В частности, на этом принципе, как мы увидим ниже, основана интереснейшая типологическая схема Питирима Сорокина, различающего так называемые идеациональную и сенсатную социокультурные системы, лежащие в основе «суперфаз» человеческой истории. При этом господство сенсатности (ярким примером которого является Новая и Новейшая история Европы) связано с доминированием активного отношения к среде существования, стремлением человека «господствовать» над природой и собственным социальным бытием, преобразуя их в соответствии с меркантильными и иными сугубо прагматическими соображениями. Напротив, идеациональная суперсистема (примером которой может служить европейское средневековье) не интересуется «завоеваниями природы» и прочими «внешними» формами бытия, ставя своей целью служение Божественному Абсолюту. При этом сам идеационализм может иметь как пассивную форму (для которой единственным объектом совершенствования являются имманентные состояния человеческой души), так и активную форму (носители которой предпринимают практические усилия для установления «богоугодных порядков» на земле — в том числе в форме крестовых походов и иных религиозных войн).

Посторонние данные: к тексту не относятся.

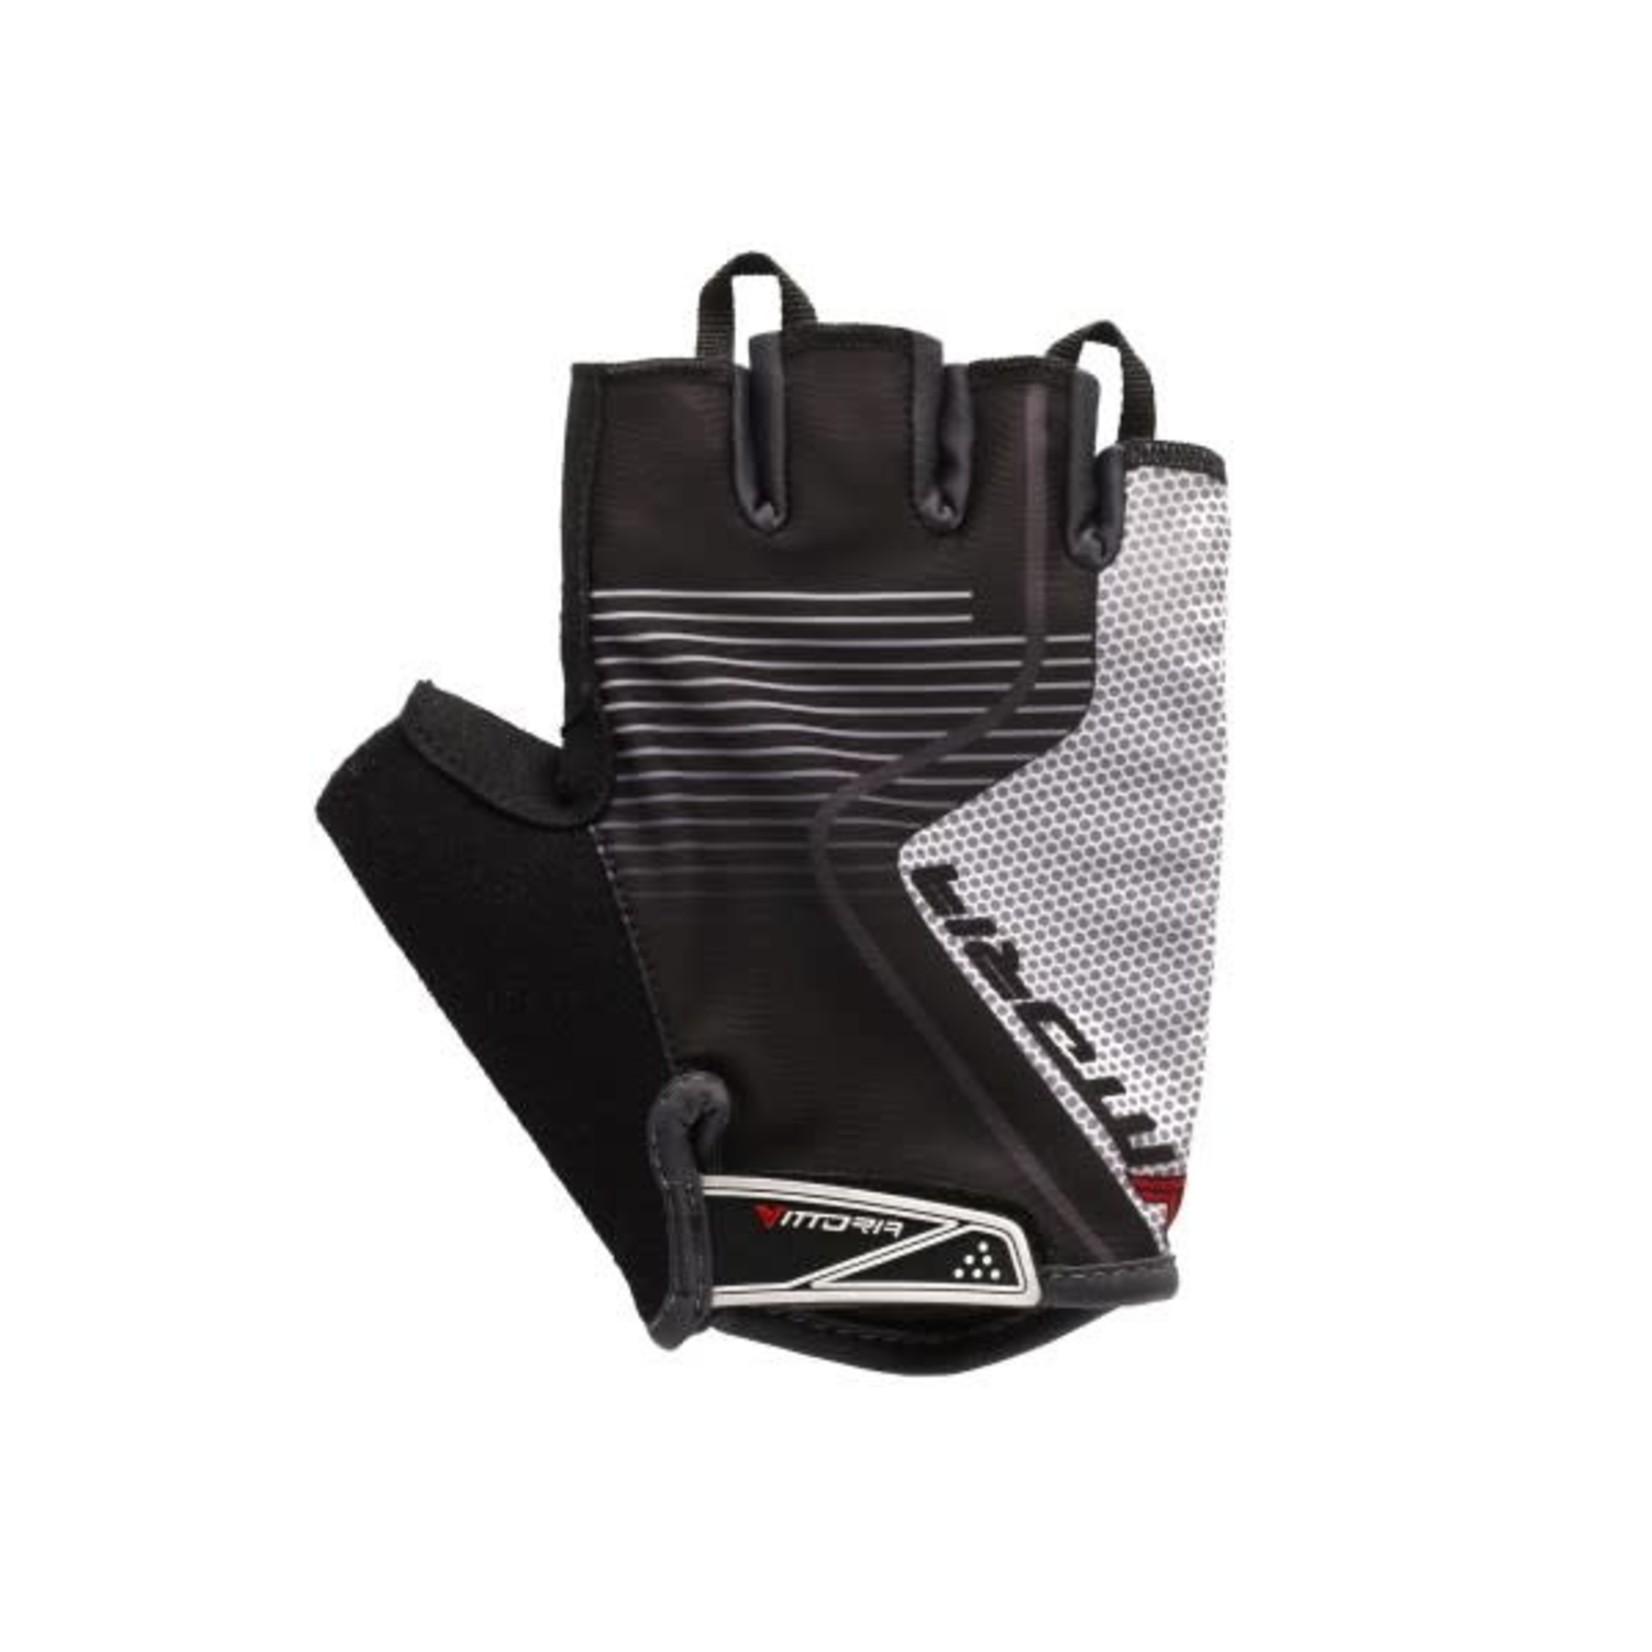 Vittoria Sprint Gloves

Оставляя пока в стороне эти внутрисоциальные различия, подчеркнем, что человеческая деятельность и в самых пассивных своих фермах изначально обладает свойством креативности. В самом деле, даже тогда, когда человек в целом вел хозяйство присваивающего, а не производящего типа, это не освобождало его от необходимости «лепить» из материала природы, постоянно изменять его с помощью самых различных приспособлений — от каменного топора до кухонной утвари, позволяющей измельчать или перетирать пищу, добытую собирательством.

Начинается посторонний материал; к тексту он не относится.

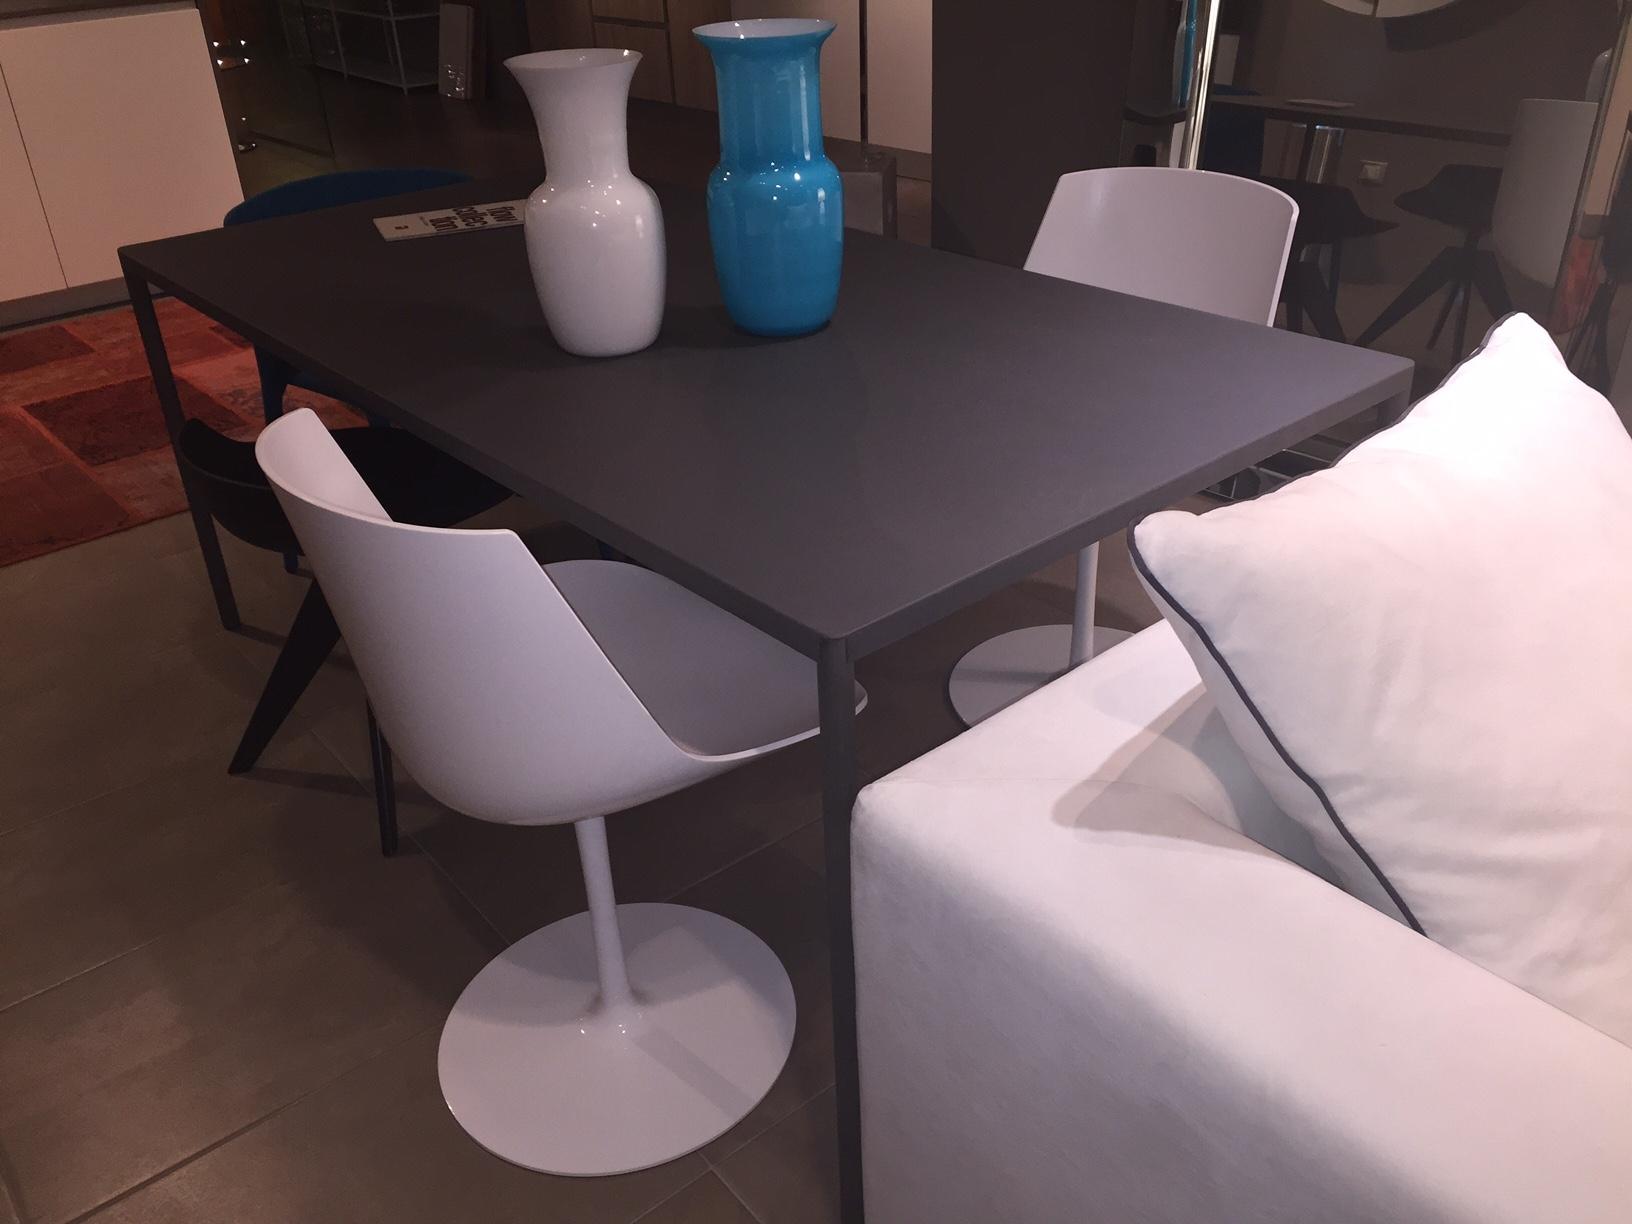 Sedie design girevole mdf italia sedie a prezzi scontati for Sedie design italia

Подобный адаптивно-адаптирующий характер социальной деятельности означает, что она изначально выступает как труд, т.е. способность преобразовывать среду существования, создавая средства жизни, отсутствующие или недостающие в ней.

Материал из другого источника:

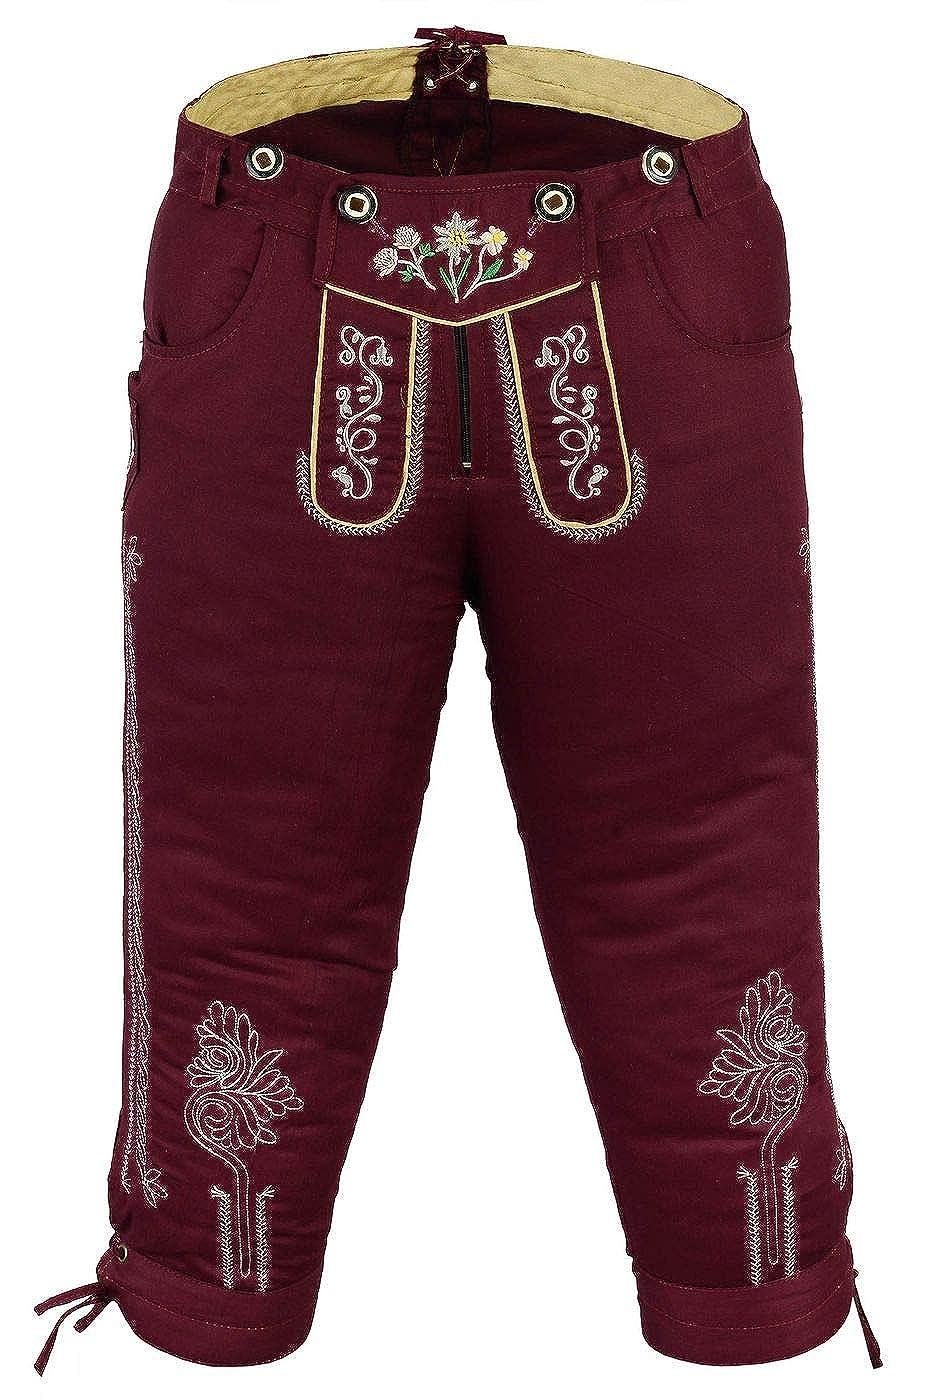 German Wear Damen Trachten Kniebundhose Jeans Hose kostüme mit Hosenträgern in der 4X Farben B00PGG8334 Lederhosen Qualität und Verbraucher an erster Stelle

Заметим вновь, что речь идет о труде в широком смысле слова, в котором он выступает как свойство всякой человеческой деятельности, а не вид ее. В этом смысле и игра детей, строящих снежный городок, и преступление бандита, взламывающего сейф, обладают всеобщими признаками «труда», отличающими действия человека от действий животного, — хотя ни игра, ни воровство не являются трудом в узком смысле этого слова, который нам предстоит рассмотреть ниже.
И все же описательные характеристики человеческой деятельности, приведенные выше, еще не дают нам главного — понимания ее специфики. В самом деле, пусть все согласны с тем, что человека выделяет способность «подстраивать» среду существования под собственные потребности (заметим, что единодушная констатация этого факта отнюдь не тождественна его единодушной оценке, — если учесть, что опьянение своим могуществом, горделивый отказ от милостей природы, превращенной из «храма в мастерскую», поставили человечество на грань необратимой экологической катастрофы).
Но возникает вопрос: а что лежит в основе трудовой деятельности человека, что делает ее фактически возможной? Какие свойства деятельности, отсутствующие в живой природе, делают возможным тот специфический адаптивный эффект, которого достигла человеческая цивилизация?
Вопрос этот тем более актуален, что определенные аналоги трудового приспособления существуют и в живой природе. Пчелиные ульи, муравейники, плотины бобров свидетельствуют о способности некоторых животных активно воздействовать на среду обитания, создавая себе «искусственные» средства жизни, отсутствующие в природе в готовом виде. Естественно, встает вопрос: что отличает трудовую деятельность человека от прототрудовой активности животных? Чем объясняется несопоставимость их масштабов, становящаяся очевидной, если сравнить запруду бобров с плотиной гигантской гидроэлектростанции?
Переходя к анализу таких содержательных проблем, ученые теряют былое согласие и вступают в острую полемику друг с другом, предлагая различные объяснения сущностной специфики деятельности, создающей мир социокультурных реалий.